▶ _THE TASK_: Pictures in the listing below are skipped, while the lines from the "Europe, Austria, Tyrol, Ötztal" line through the "Weaver ants in green leaves by iryna_rasko" line are returned word for word.

▶ _PROVIDED RECORDS_:
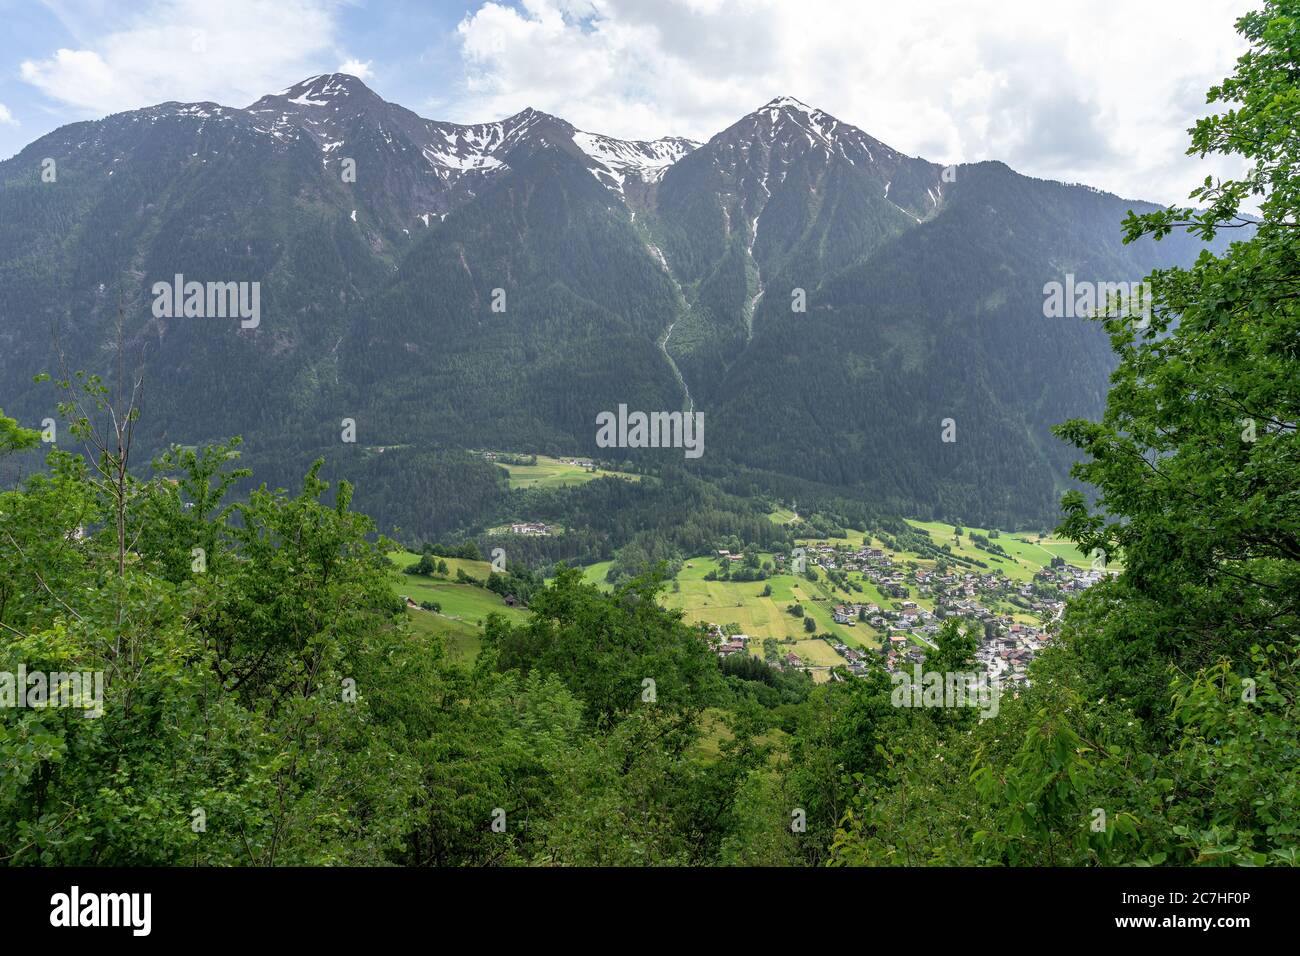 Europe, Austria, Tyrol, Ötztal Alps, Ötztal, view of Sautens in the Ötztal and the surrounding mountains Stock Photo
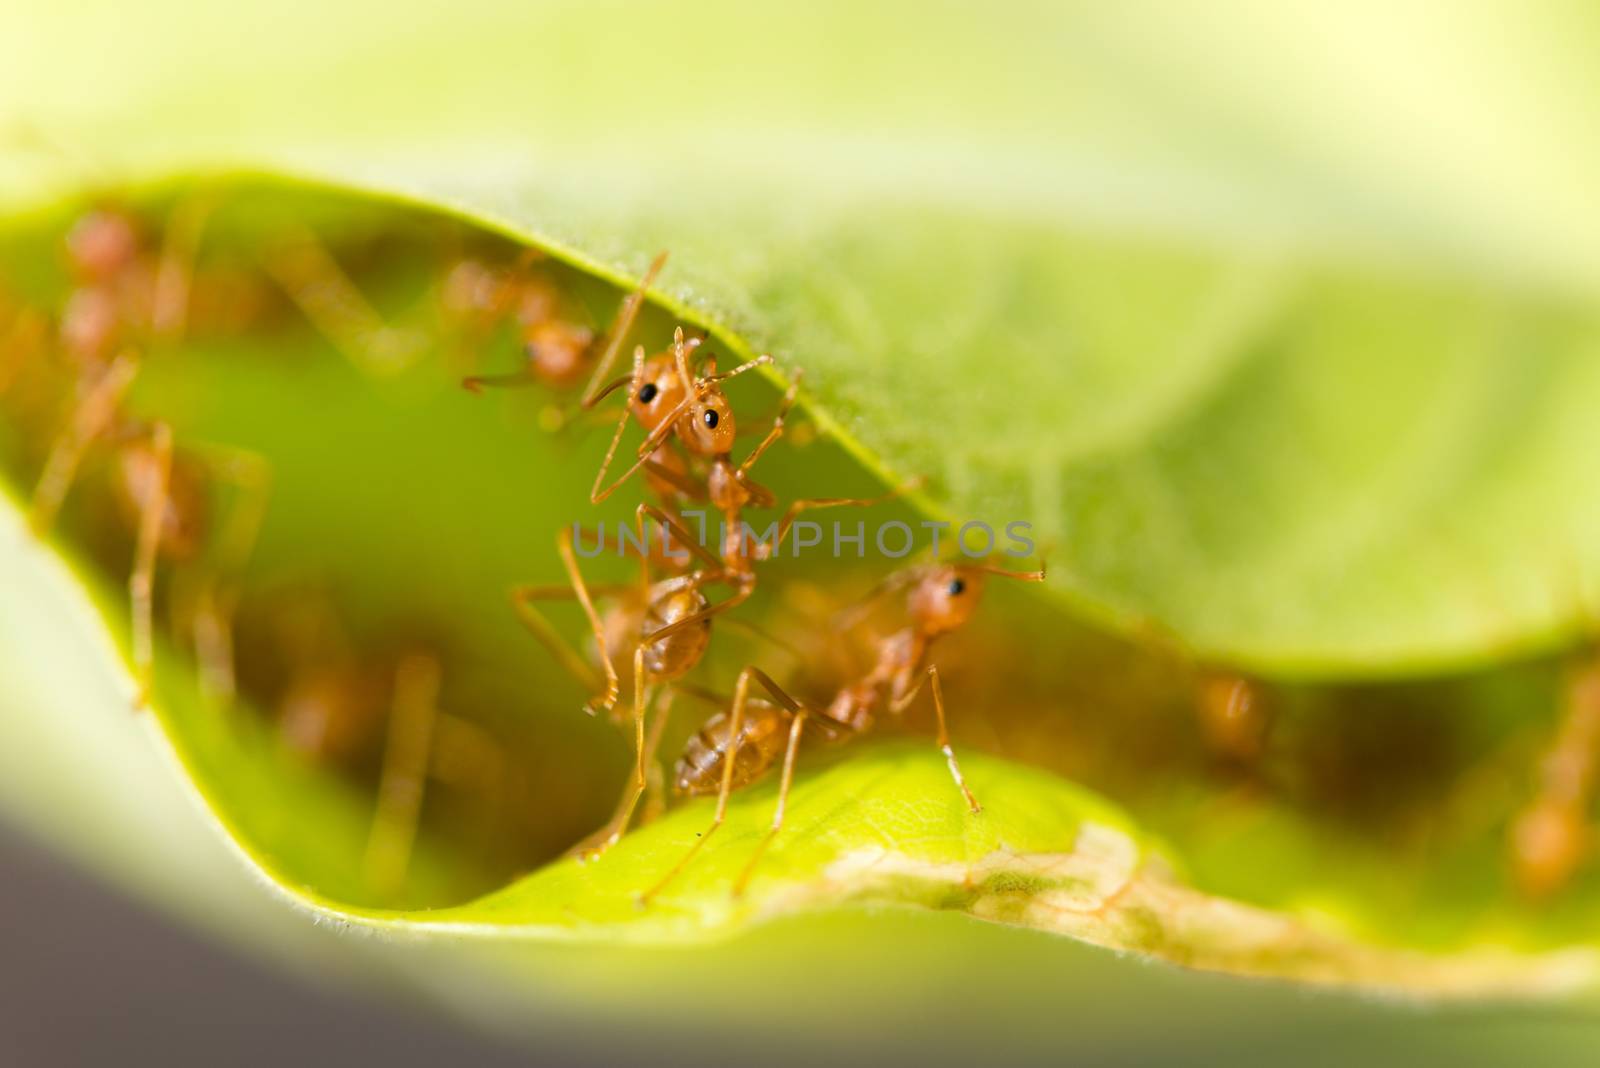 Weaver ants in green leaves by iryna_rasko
==
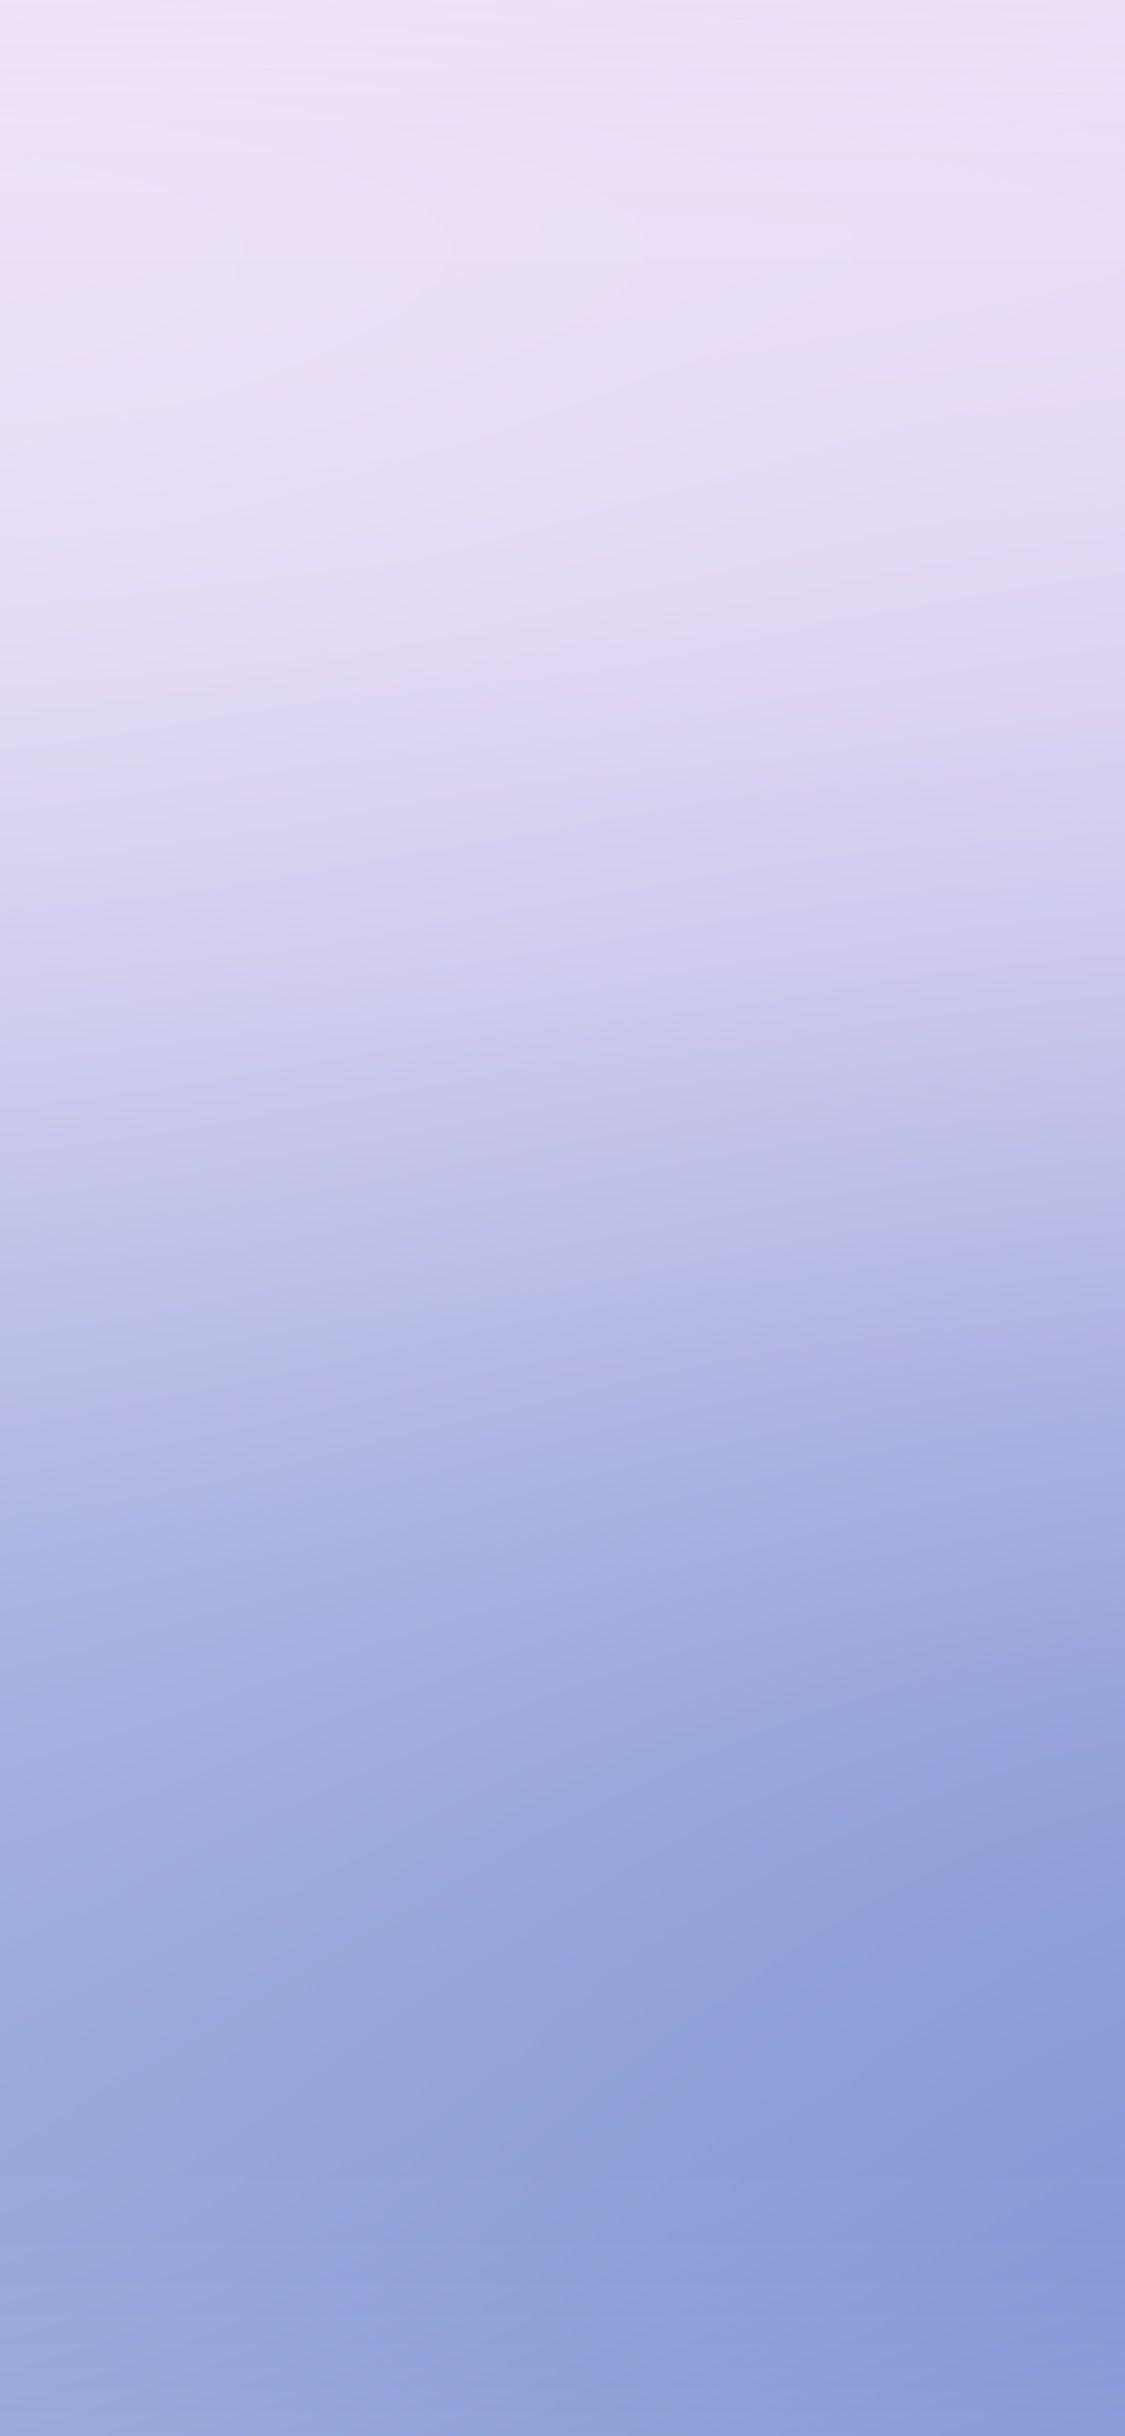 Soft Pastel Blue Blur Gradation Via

▶ _TASK OUTPUT_:
 Europe, Austria, Tyrol, Ötztal Alps, Ötztal, view of Sautens in the Ötztal and the surrounding mountains Stock Photo
 Weaver ants in green leaves by iryna_rasko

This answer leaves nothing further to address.